▸ **WHAT THE TASK ASKS**
Return all of the data below verbatim and exclude every picture.

╭─ SUPPLIED INFORMATION

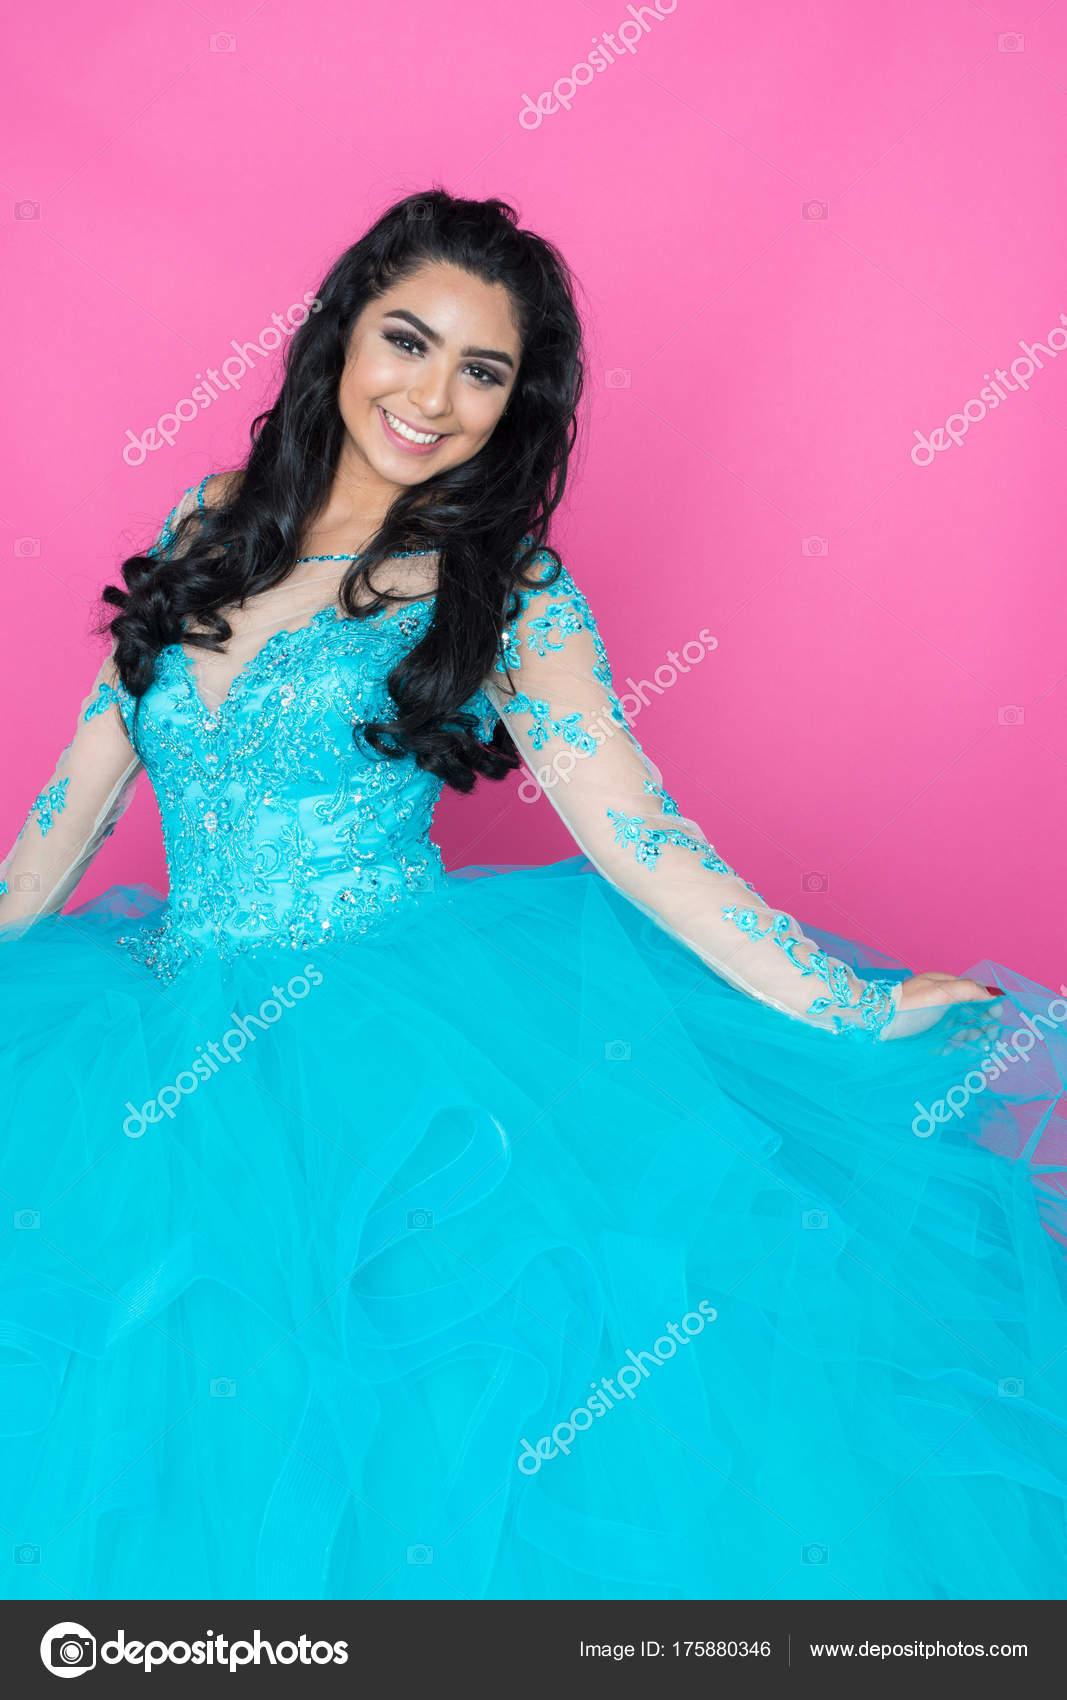 Teen In Prom Kleid — Stockfoto © rmarmion #175880346
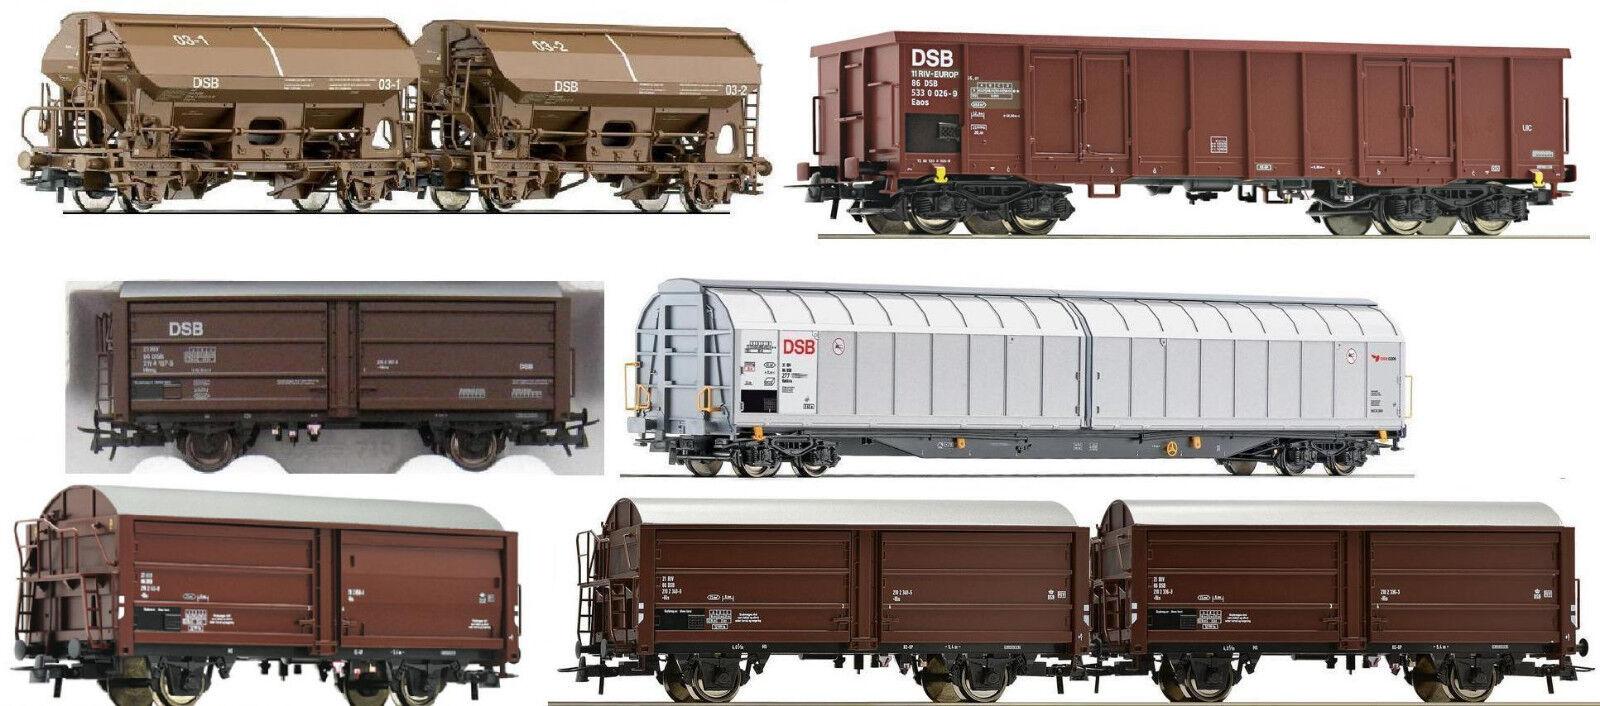 ROCO h0 8x DSB carri merci ep4-5 66020 76798 66925 66433 76995 67122 NUOVO a 62712
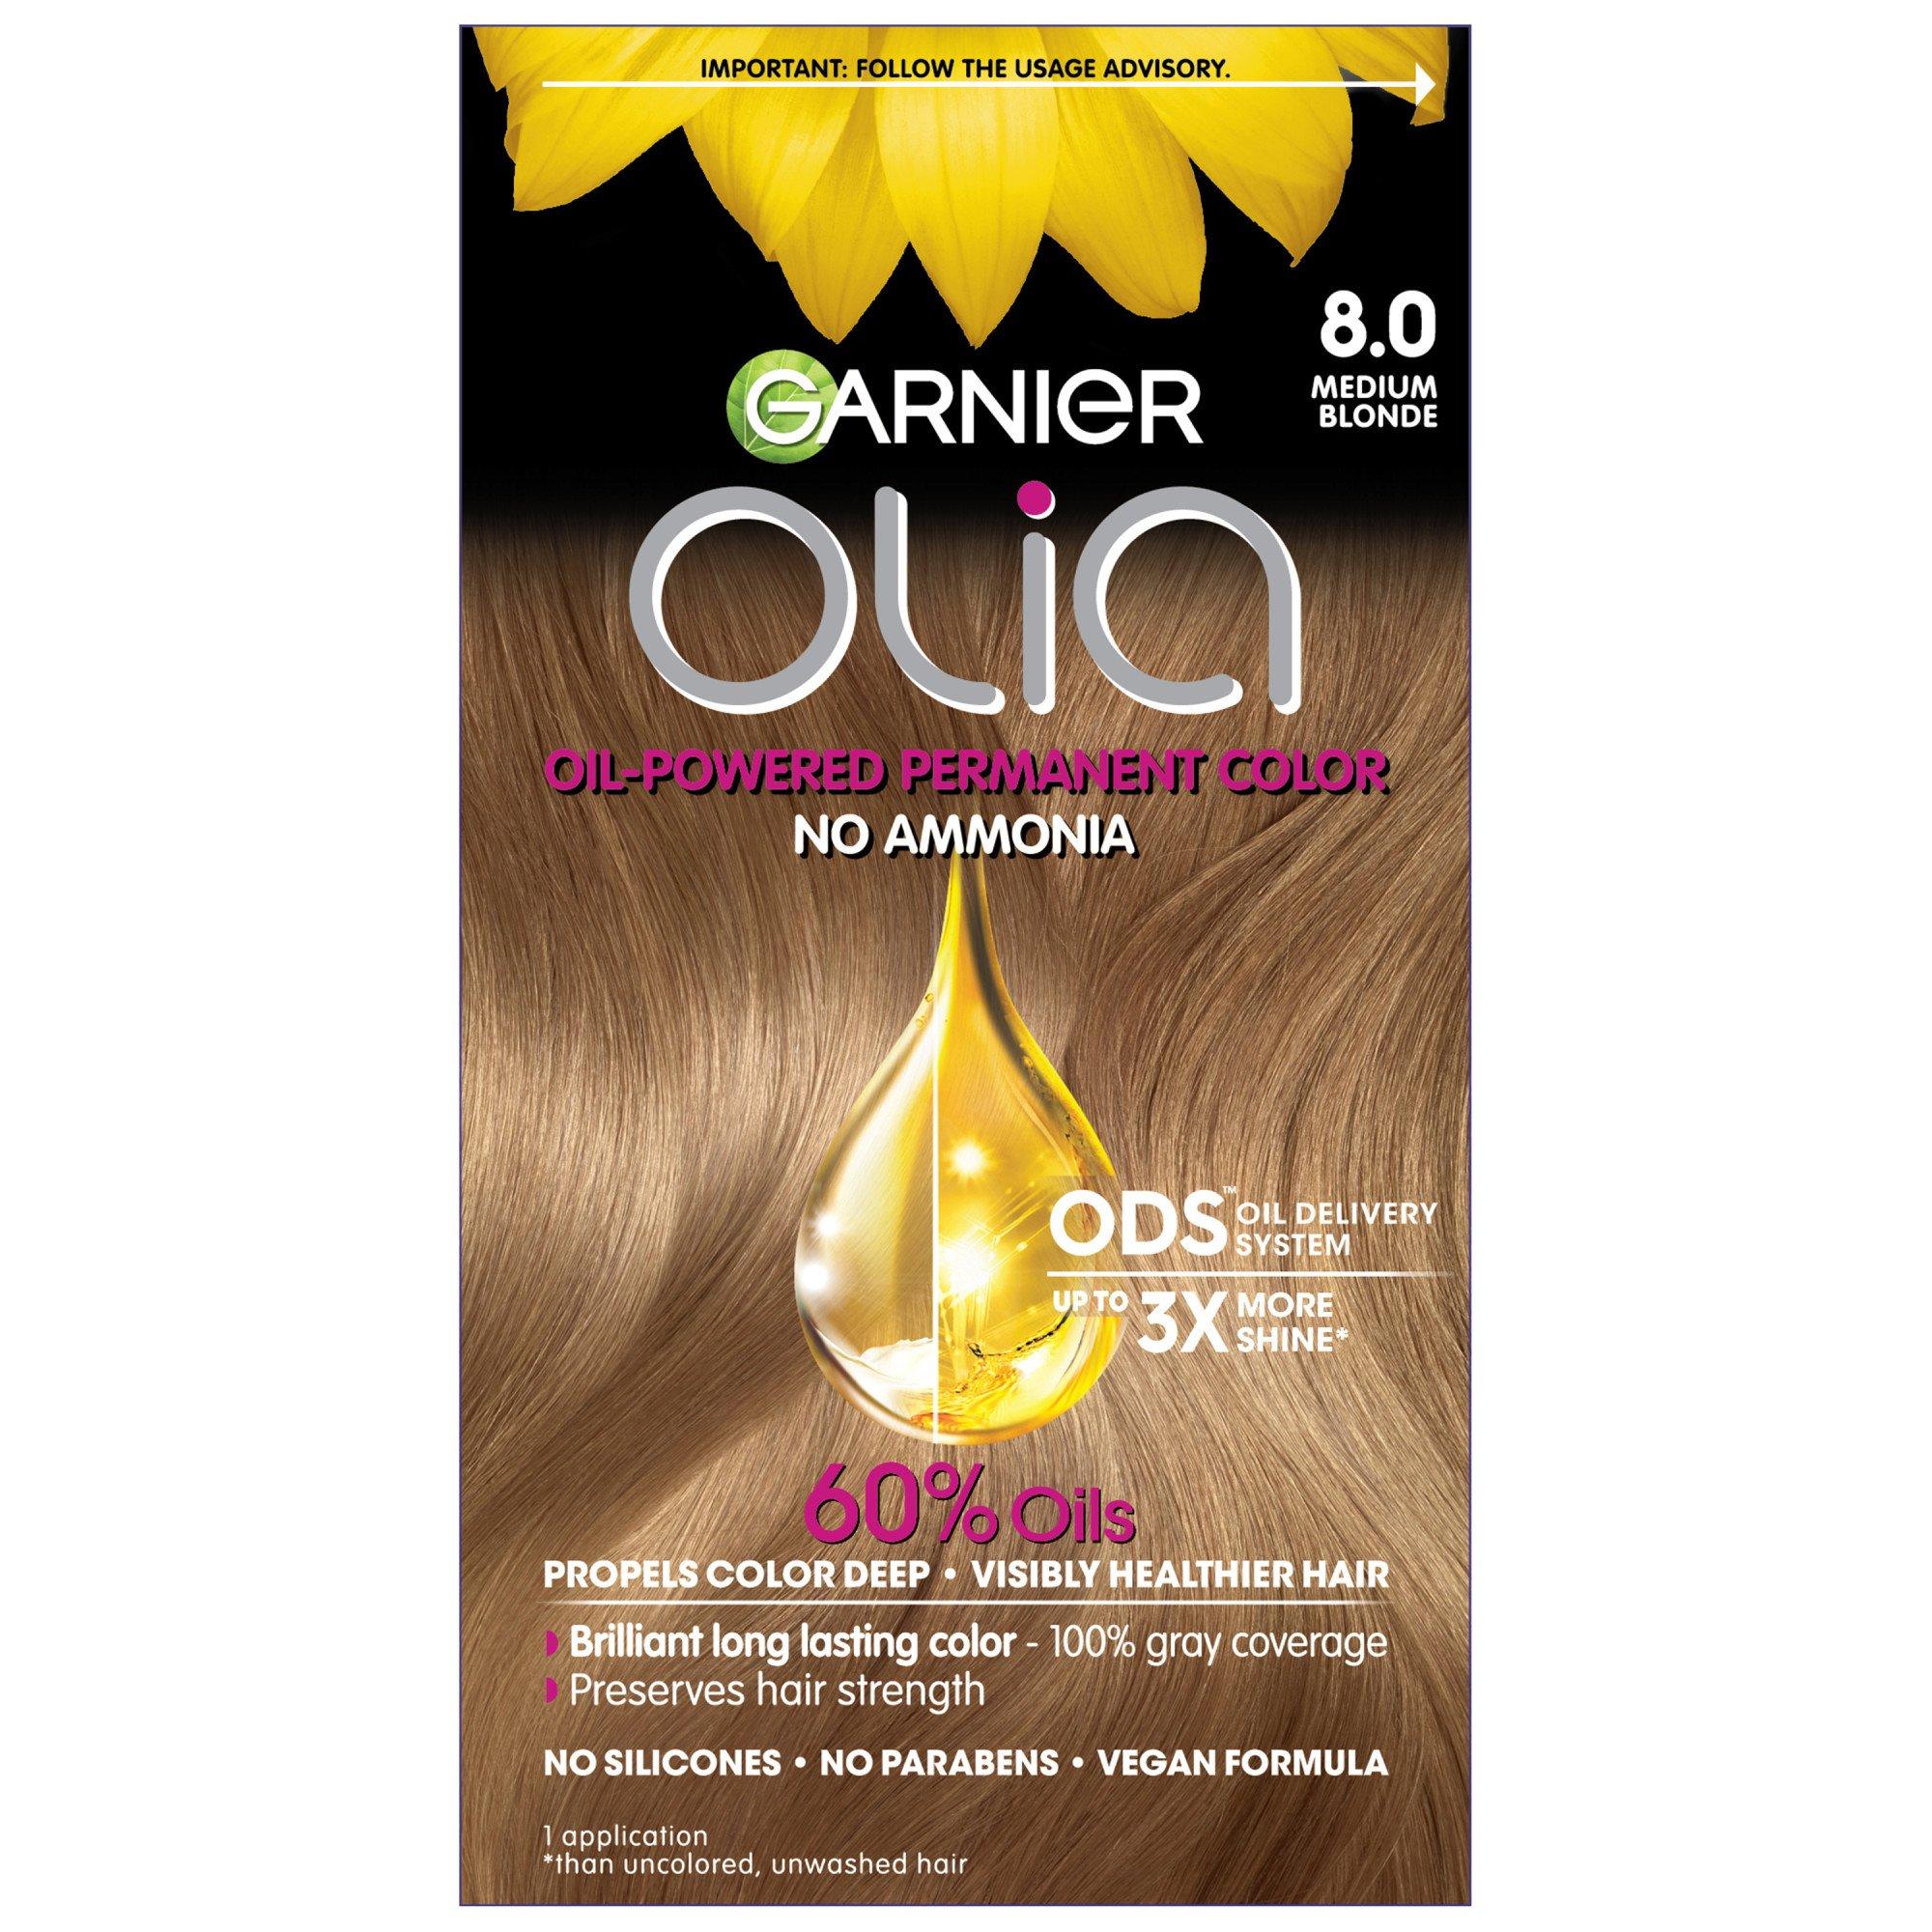 Hair Dye Safe For Pregnancy Spefashion

╰─

▸ **EXERCISE SOLUTION**
 Teen In Prom Kleid — Stockfoto © rmarmion #175880346
 ROCO h0 8x DSB carri merci ep4-5 66020 76798 66925 66433 76995 67122 NUOVO a 62712
 Hair Dye Safe For Pregnancy Spefashion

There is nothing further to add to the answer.